RU2319024C1 - Gas turbine locomotive - Google Patents

Abstract

FIELD: mechanical engineering; gas-turbine locomotives.

SUBSTANCE: power plant of gas-turbine locomotive contains gas-turbine engine at output of which free turbine is mounted and at its output, exhaust device is installed. Gas-turbine engine and free turbine are installed on frame in container provided with cooling system combined with system to adjust radial clearances in gas-turbine engine and/or free turbine, and with fire-fighting system.

EFFECT: improved starting, increased economy of gas turbine locomotive.

3 cl, 14 dwg

Description

The invention relates to railway transport and can be used as a power plant for a gas turbine locomotive, i.e., a locomotive based on a gas turbine engine.

Known power plant according to the patent of the Russian Federation on the invention No. 2137617, this installation has a liquid cooling system and a fan to create a flow of cooling air.

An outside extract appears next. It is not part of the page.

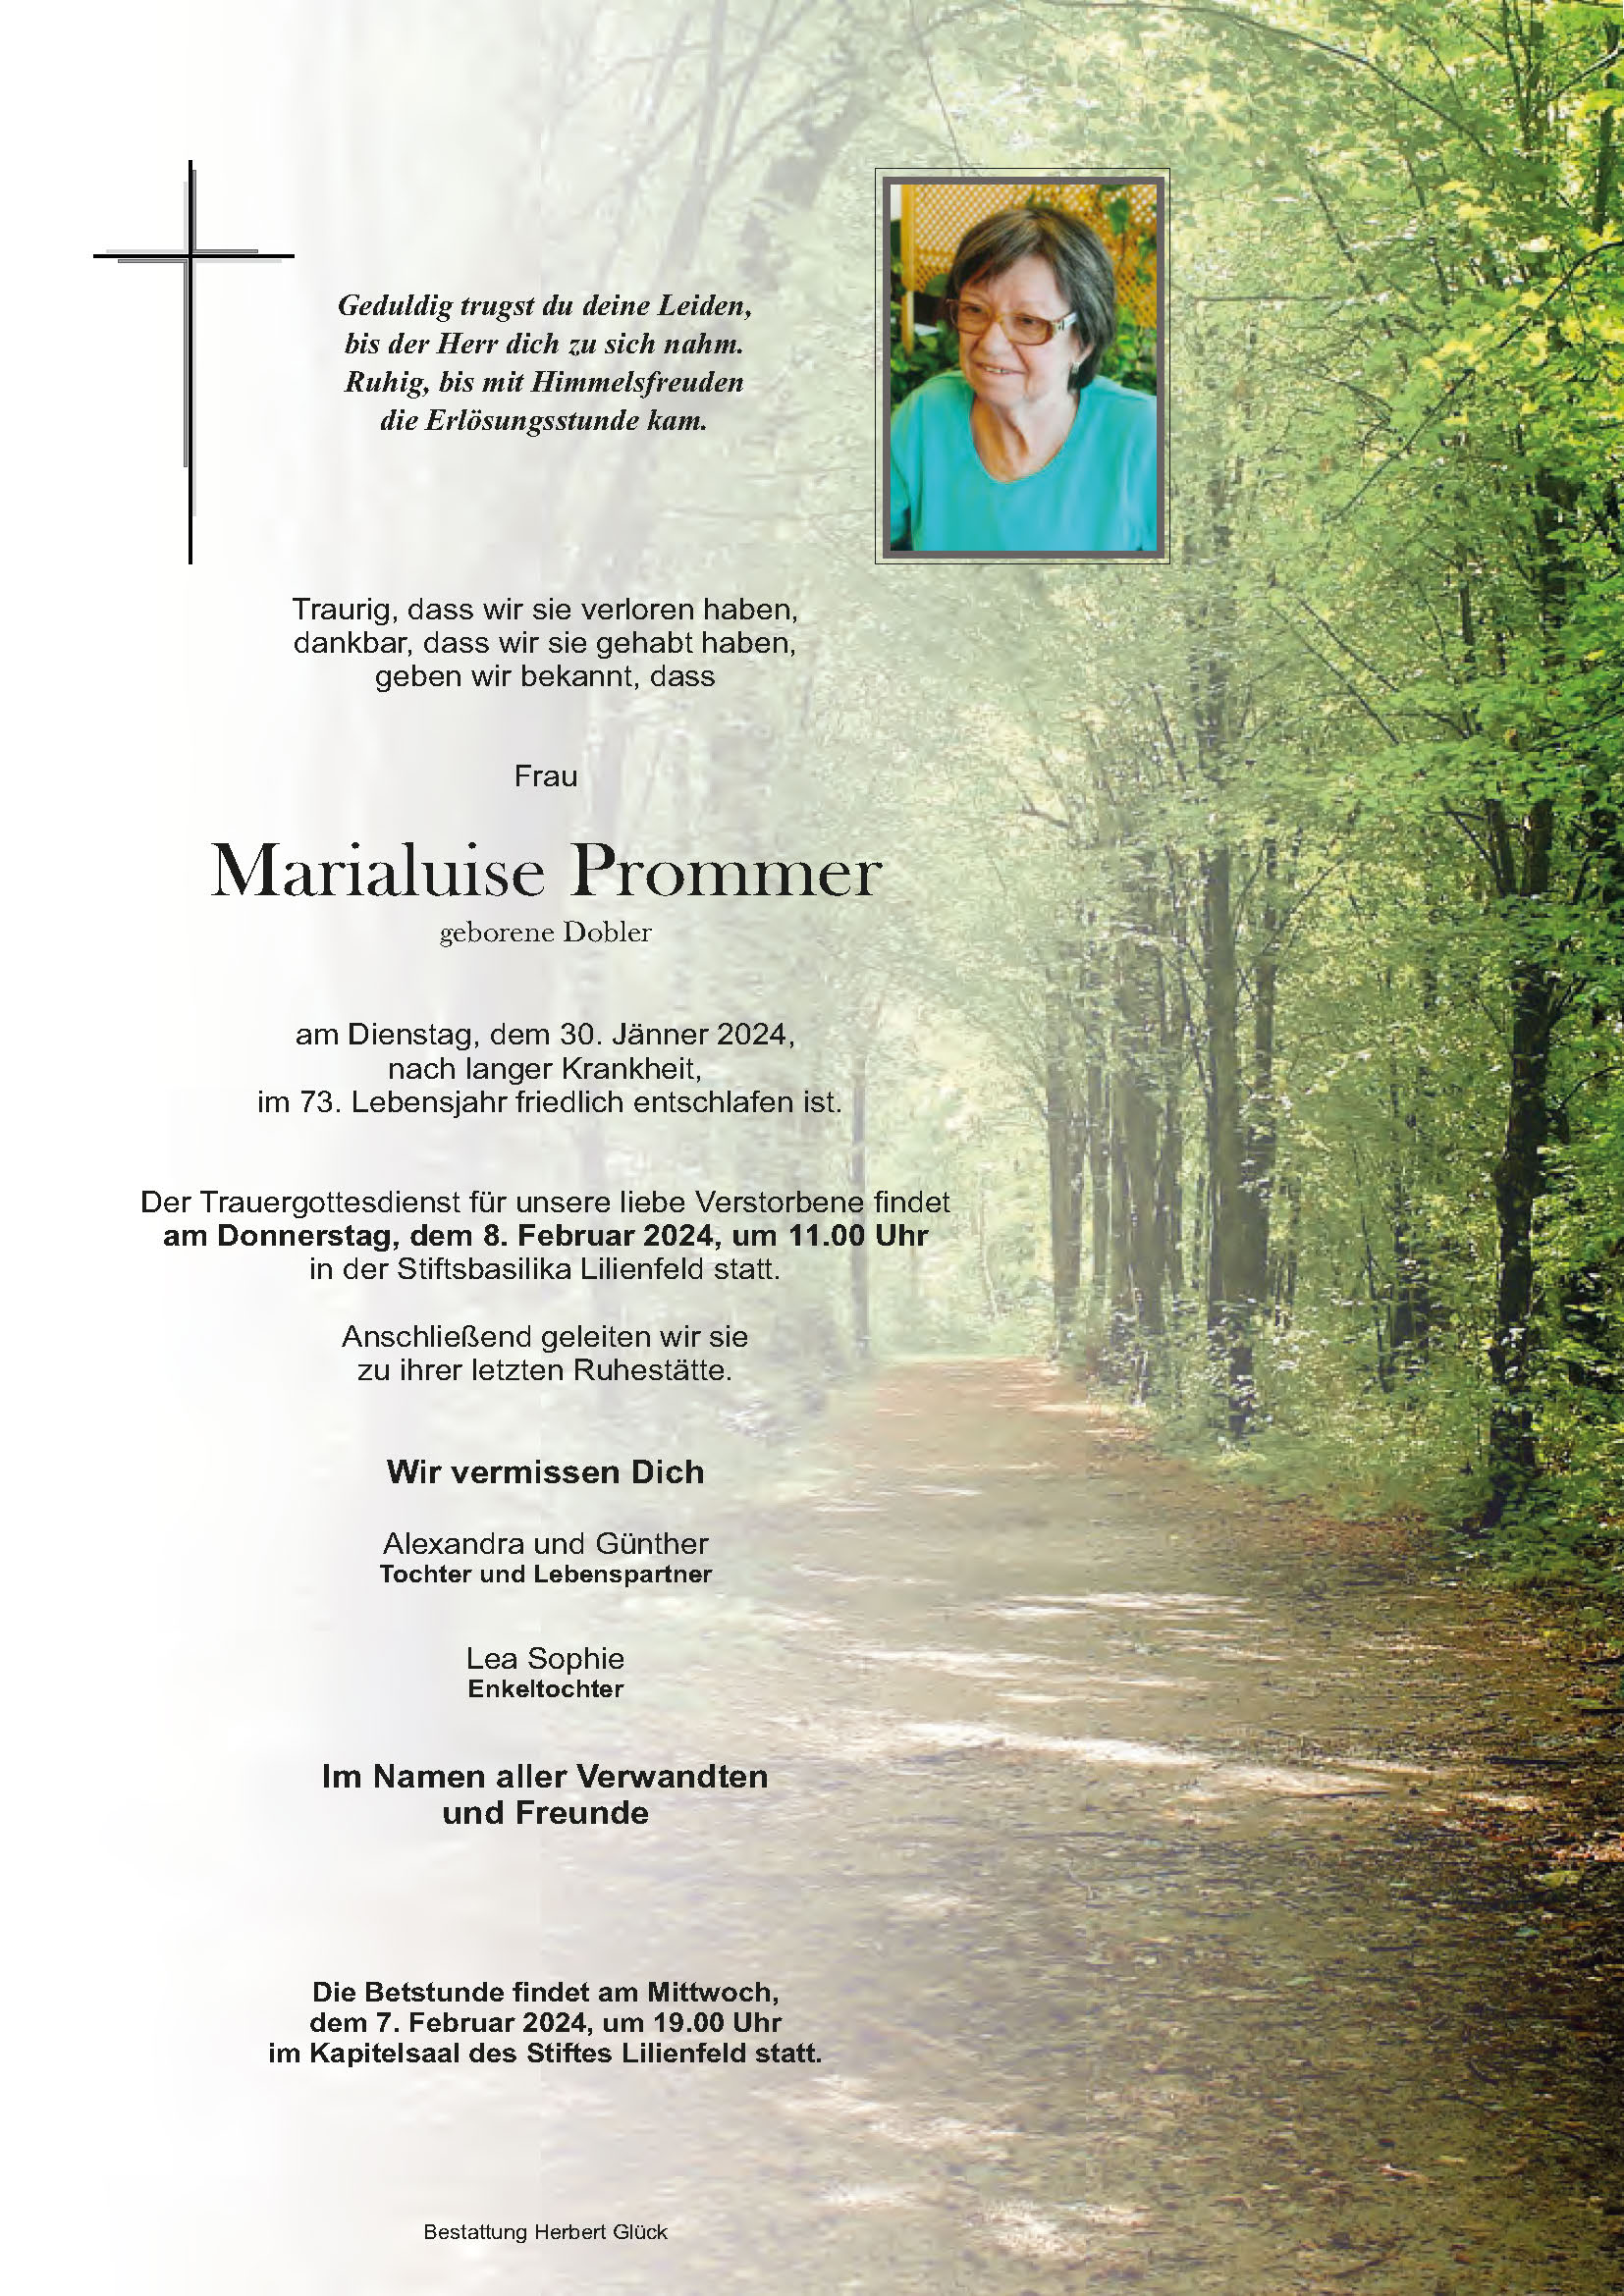 Sterbefall Marialuise Prommer

A known power plant according to the patent of the Russian Federation No. 212418, which contains a gas turbine engine, a gas path connecting this gas turbine engine with a power turbine, and a bypass channel that connects the gas path between the turbines and in front of the free turbine.

The disadvantage of this power plant is the poor performance of its launch, specifically the long launch time. This is due to the fact that the gasdynamic resistance of a free turbine is significant and the starter power is not enough to simultaneously spin up several gas turbine engines and a free turbine, from which power is taken to the transmission.

Known gas turbine power plant according to the patent of the Russian Federation for the invention No. 2189477, a prototype that contains modules of a gas generator, gas turbine drive and exhaust, interconnected.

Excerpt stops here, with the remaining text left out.